Now, in middle-age, I look back and wonder — Who was that skinny kid? The one in the photo taken in girlfriend Tessa’s bedroom, where she dressed him up in a skinny tie and tight-pegged pants tapering to a pair of high-heeled Beatle boots, christening him “the hottest trick in Noe Valley.”

Was he: An aspiring writer and journalist? A wayward, college-educated youth in search of himself? A promiscuous lothario prowling the corners of the punk underground in search of casual sex, so easy to come by in the free-wheeling San Francisco of the 70’s?

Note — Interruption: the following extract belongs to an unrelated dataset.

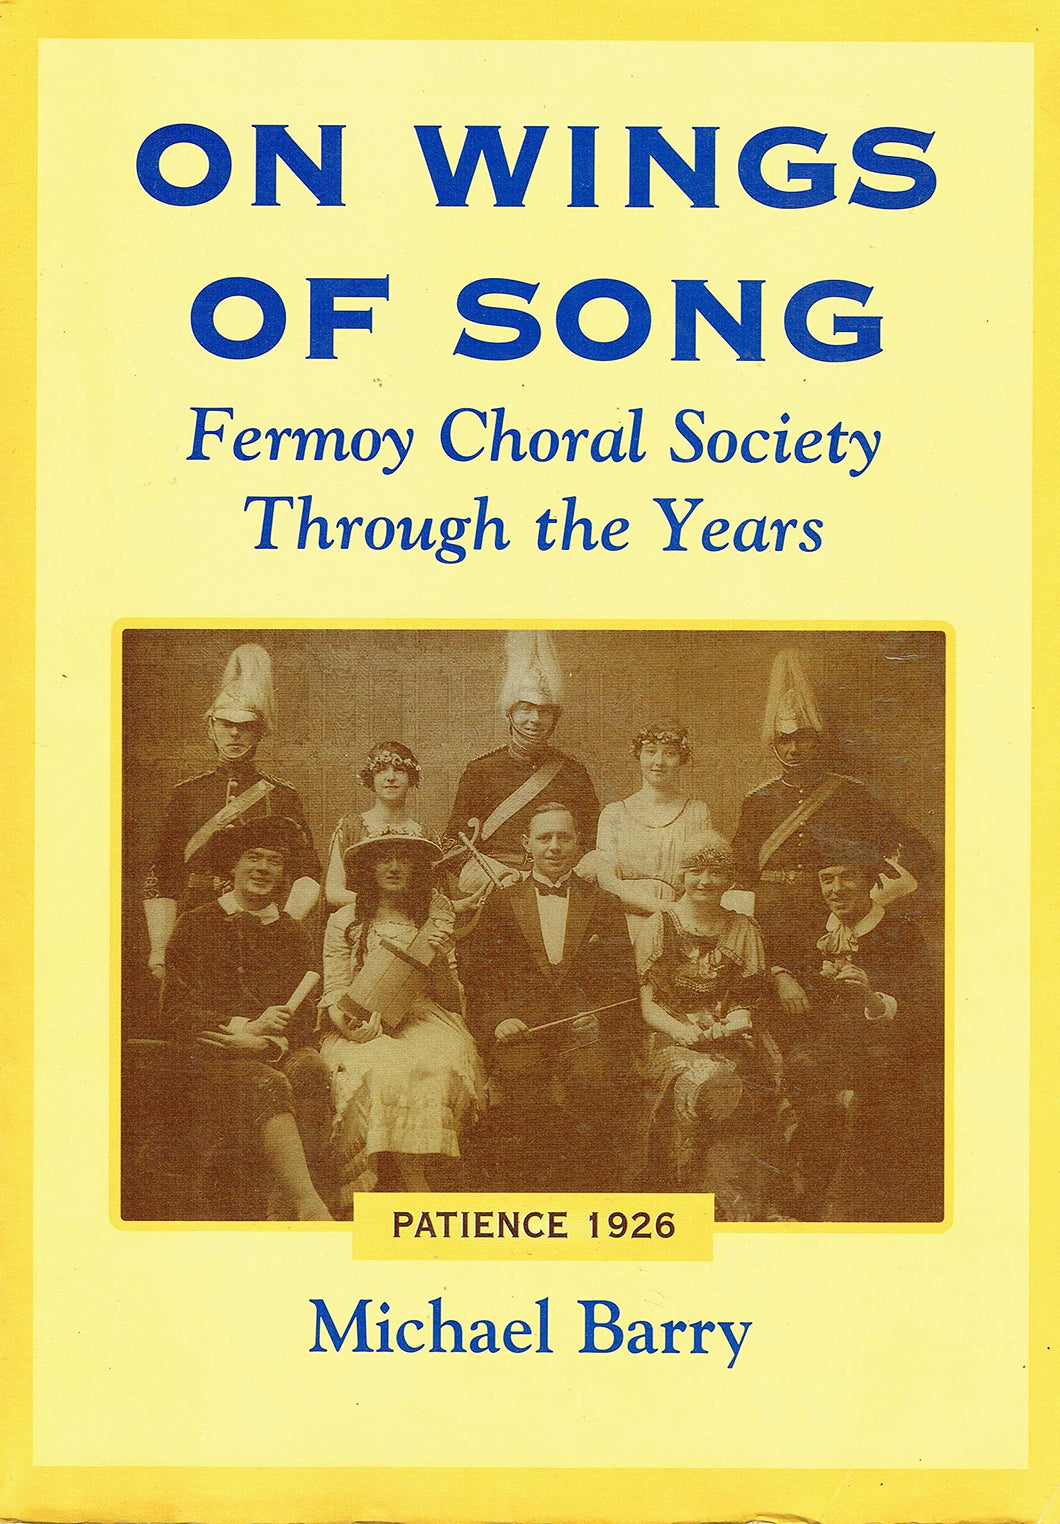 On Wings of Song: Fermoy Choral Society Through the Years

All of the above?

Whoever he was, I envy his freedom, his sex appeal, his cynical, smart-ass sense of humor and — most of all—his head of wavy blue-black hair.

Random memories come back in fits and starts: the first time I got laid… a girlfriend’s hairless transvestite roommate who turned tricks in the Tenderloin… the time I interviewed Jello Biafra of the Dead Kennedy’s when he ran for mayor of San Francisco. (He got 3 and half percent of the vote!)

What was and could have been I could have stayed in Texas after college, journalism degree in hand, and moved to an isolated hick town to pursue an inglorious career as a newspaper journalist (would I have earned a Pulitzer for my insightful profiles of west Texas cowboys and cattle ranchers?). But I was rescued from that fate when my friend Jim called one day and convinced me that California was the place to be and punk rock living was the life for me.

Actually, I was the one to decide that punk rock living was the life for me. I had been involved in the tiny punk scene in Austin as a pathetic dilletante. When I moved to San Francisco, I pursued the hard core punk lifestyle with dedicated abandon.

Jim wanted to move to San Francisco to pursue the “gay lifestyle” villified to great extent by televangelists and former beauty queens of the day, a life consisting largely of pounding disco and equally pounding sex.

He didn’t think much of my punk rock aspirations, preferring the corporate life by day and the life of anonymous anal intercourse by night. My punk rock endeavors were, presumably, not on par with his sex club exploits.

In the Beginning

My new life as a punk rocker began in the sketchy Mission district of San Francisco. The Mission cholos found us inviting targets in our weird clothing and crazy-color hair. Since our anger was all feigned attitude and pretense, we were basically defenseless wimps.

First, I was mugged after I had been in The City for a month or two. I was walking east down 24th Street back to my Mission District apartment after midnight on a Sunday, perfectly straight, not stoned or drunk.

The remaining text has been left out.